NPSP's model of Organization Affiliations and the Primary Affiliation kept the option of tracking where people worked, if we needed to know that, plus any other involvement those people have with any other organizations (including our own). And through that kind of information, we could also see when donations were related to things like employer matching, influence in a foundation, etc.
Relationships
If you’re trying to understand people, you also care about relationships (spouses, parents, etc.) In my experience, actual usage here can vary widely and most organizations seem to just track a few key data points (like spouses, or guardians of enrolled children). But the NPSP Relationship object is simple and flexible, and the triggers to manage reciprocal relationships are very handy.
Fundraising
Here, actually, I’m not sure there is a lot of "functionality" need.

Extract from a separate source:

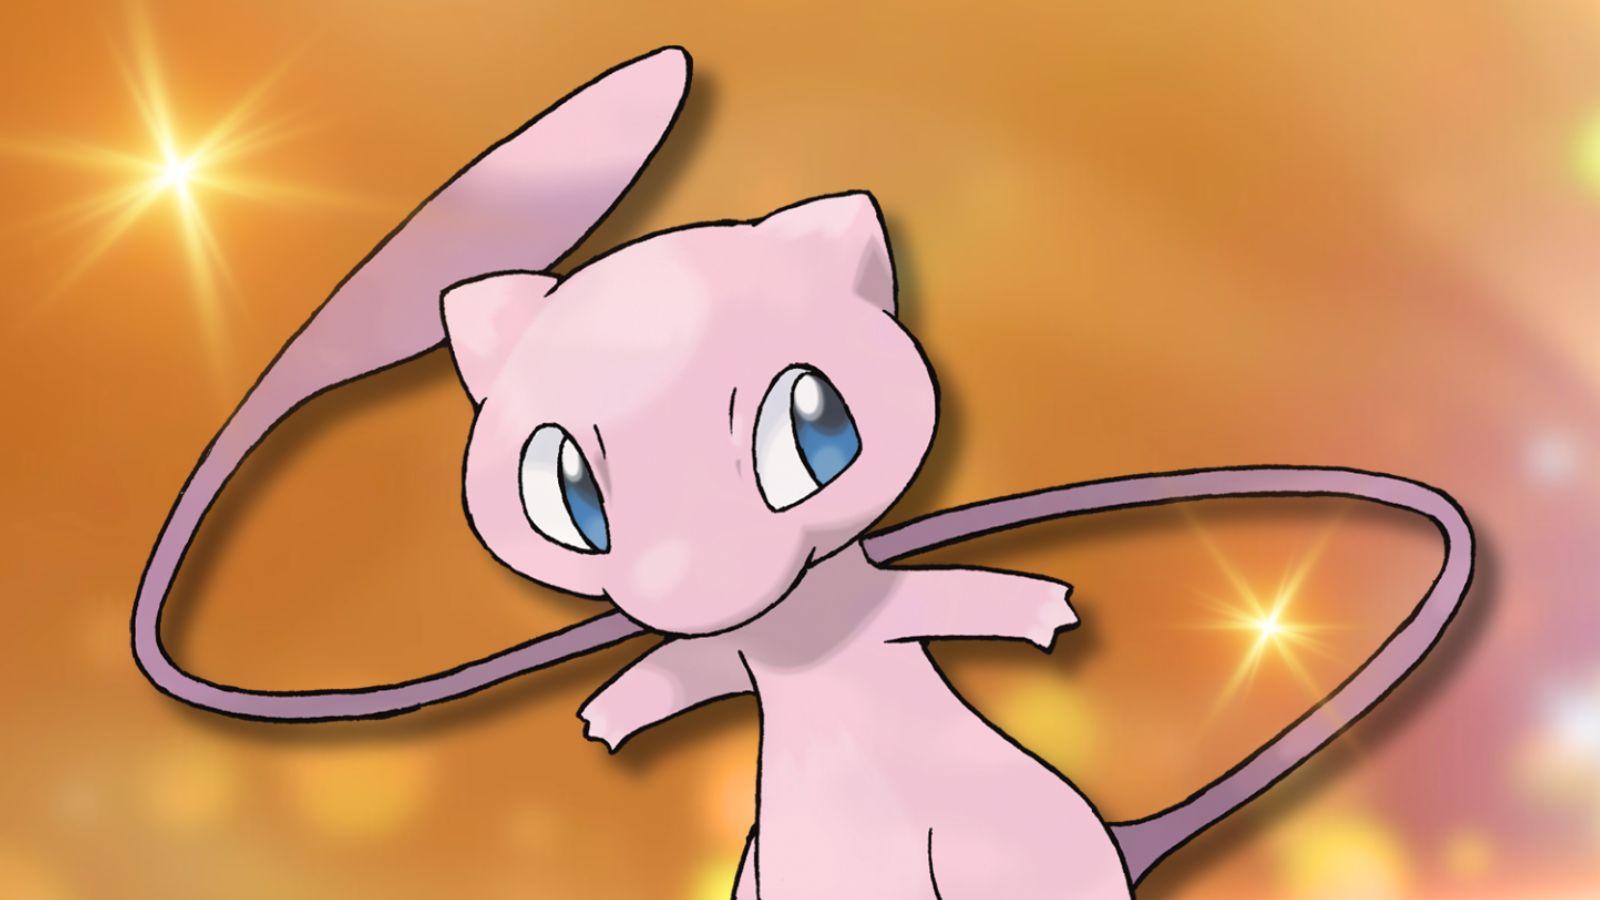 Mew Pokemon with sparkly gold background.
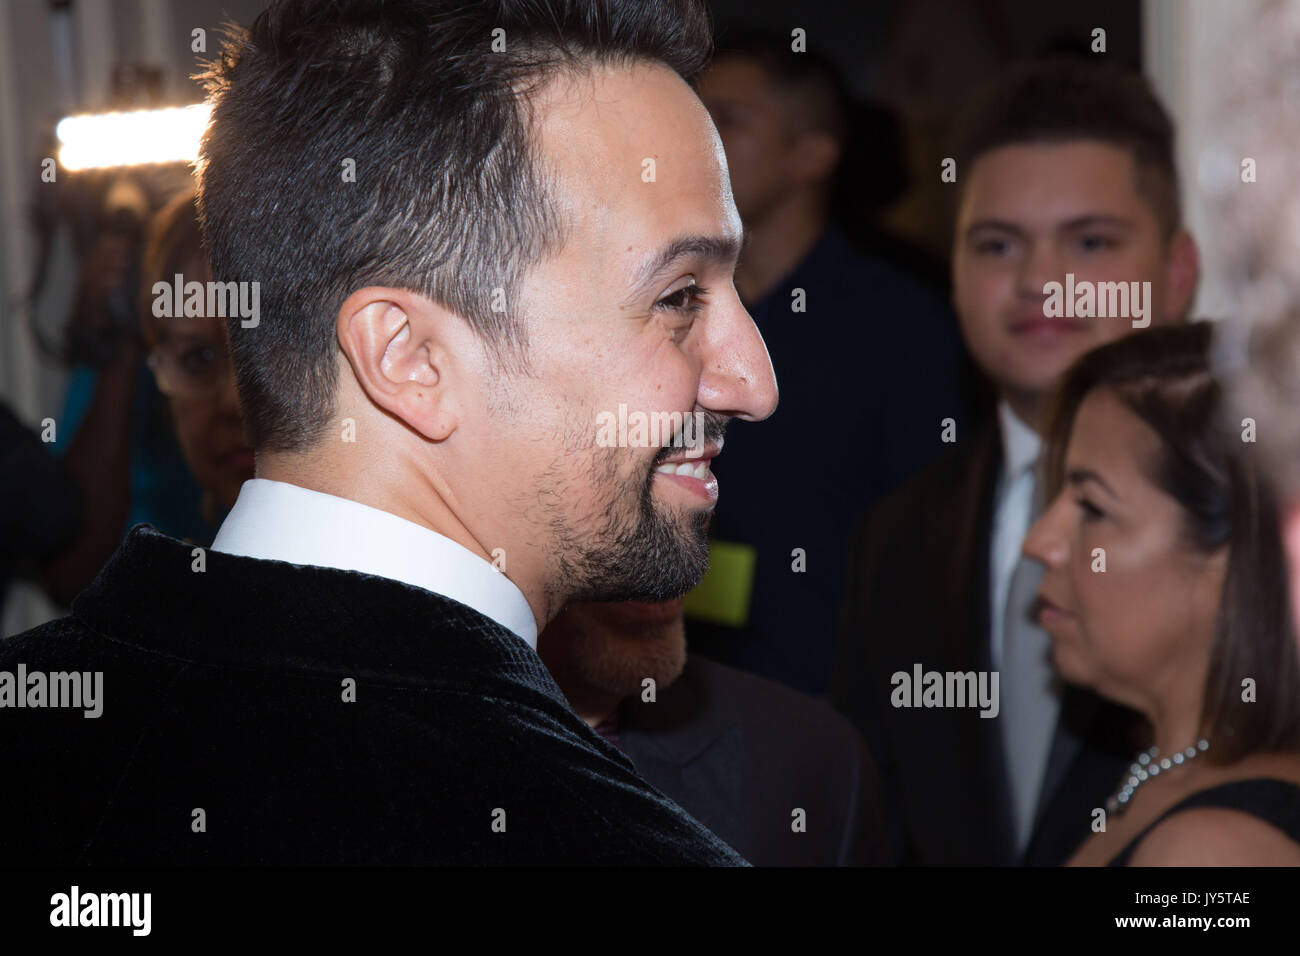 Beverly Hills,California,USA. 18th Aug,2017. Lin-Manuel Miranda attends 32nd Annual Imagen Awards Beverly Wilshire Four Seasons Hotel August 18,2017 Beverly Hills,California. Stock Photo

If you look at what the Nonprofit Success Pack actually does around a fundraising data model, it’s not much: The package includes a Payment object, child to Opportunity, so you can have multiple payments on a gift. There are several opportunity record types. And NPSP also includes a lot of rollups about gifts, but I don’t consider those core as a functionality need because I think they’re no longer that hard to build with other tools. (Like DLRS.)

So while clearly nonprofits will need some features around fundraising, it may be surprising to notice that this might not be the most important area.
Could This Be Standard Functionality or “Core”?
Theoretically, the majority of the MLP that I've just outlined can be provided by Salesforce through out-of-the-box features in 2025, in a way it was not in 2008, when the NPSP was first published.
Standard Feature for Individuals and Relationships
Person Accounts are the official Salesforce method for managing individuals in a “B2C” (Business to Consumer) data model. Long a sad joke within the Salesforce world, the official company line is that they’re good now and they’re the basis for a lot of Industry cloud solutions, including Financial Services Cloud for wealth managers dealing with their clients.
I already wrote, in March 2024, that I haven’t managed to love Person Accounts. Re-read that post for my full review. But spoiler alert: I think they’re terrible. [I’m still open to having my mind changed, either that Person Accounts aren’t that bad or that it would be easier to hide the complexity from users than to do something else. But my current opinion is that we need something better than Person Accounts.]
Affiliations in the Sales Cloud Data Model
Similarly, you can enable the feature “Contacts to Multiple Accounts,” which enables a history of contacts’ relationships to accounts as they are edited. But the functionality you gain here is woefully underpowered compared to what NPSP does with Affiliations and the automation around Primary Affiliation. Could Contacts to Multiple Accounts be enhanced with some more fields and some more automation through Flow? Sure. But if you’re customizing like that, I see little benefit to using this standard Account History object rather than a fully realized custom object.
So yes, standard Salesforce features compete with the MLP that I'm advocating for Bridge. But they are complicated, confusing, and don't work well. They're not a good fit for small nonprofits with limited technical support resources.